TASK DIRECTIONS:
Exact copy, pictures excluded: please retype the lines from the start of the material through the line containing "sexy just do it", both ends included, and nothing more.

DATA:

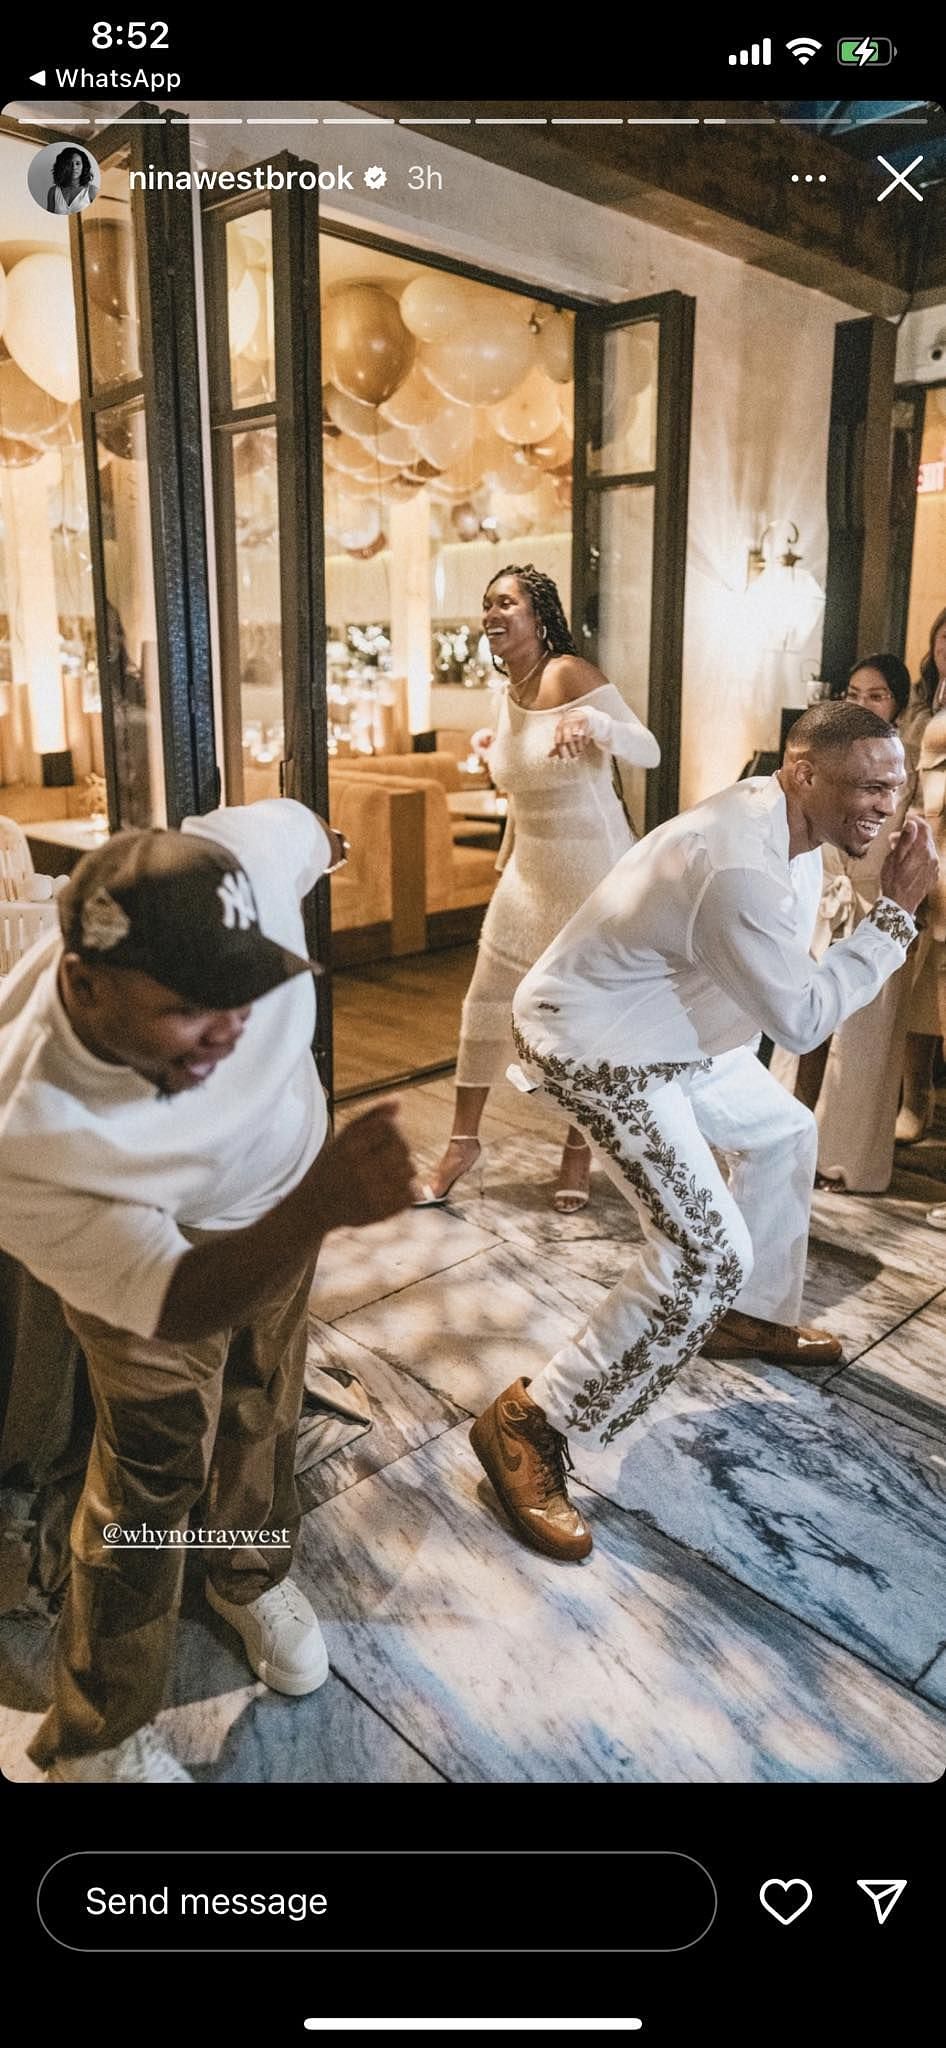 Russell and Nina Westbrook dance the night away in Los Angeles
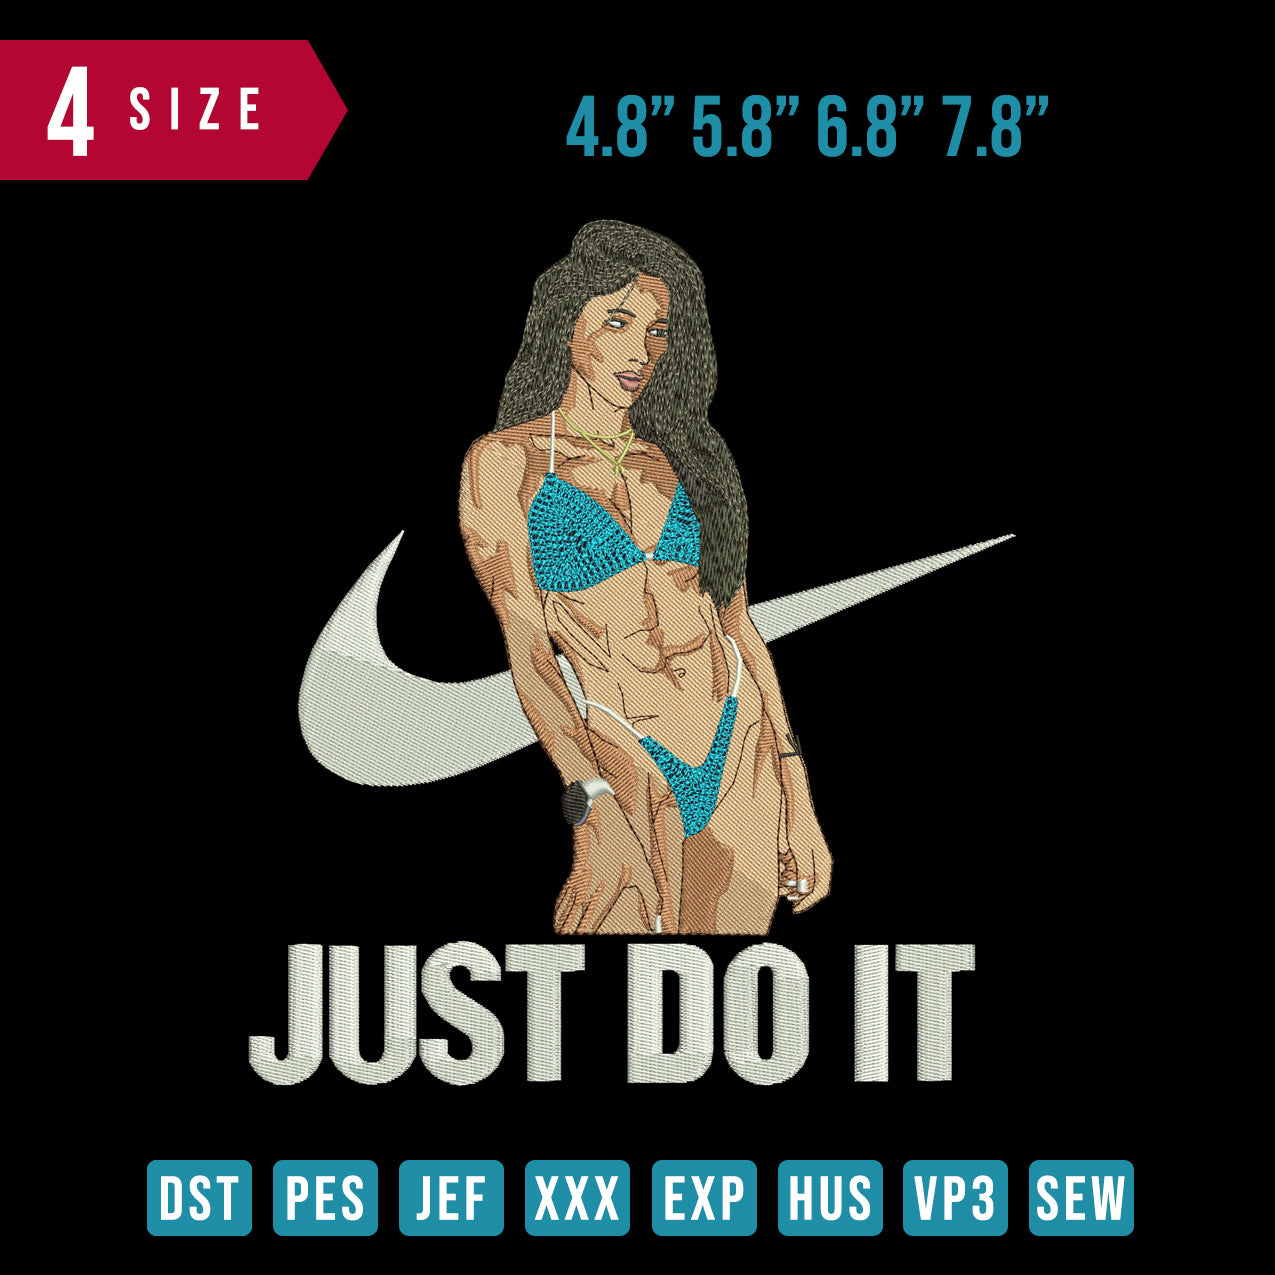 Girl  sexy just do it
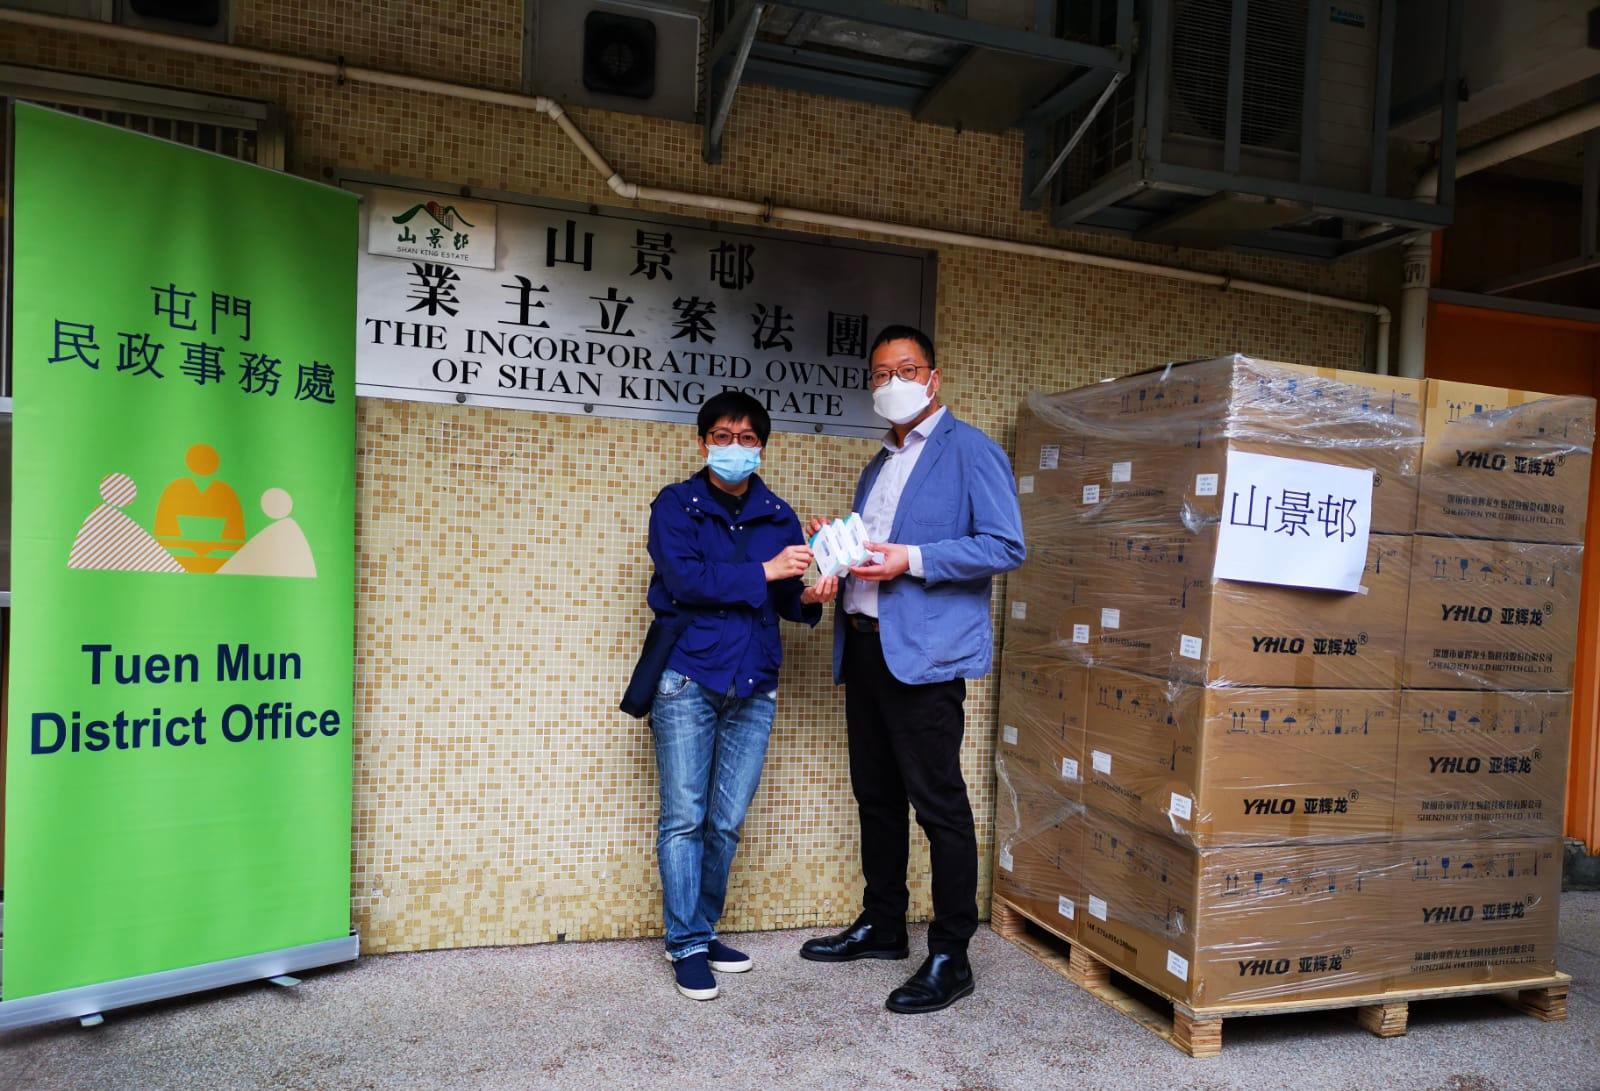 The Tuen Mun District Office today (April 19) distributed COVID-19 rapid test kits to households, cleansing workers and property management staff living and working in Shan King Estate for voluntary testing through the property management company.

RESPONSE TO THE TASK:
 Russell and Nina Westbrook dance the night away in Los Angeles
 Girl  sexy just do it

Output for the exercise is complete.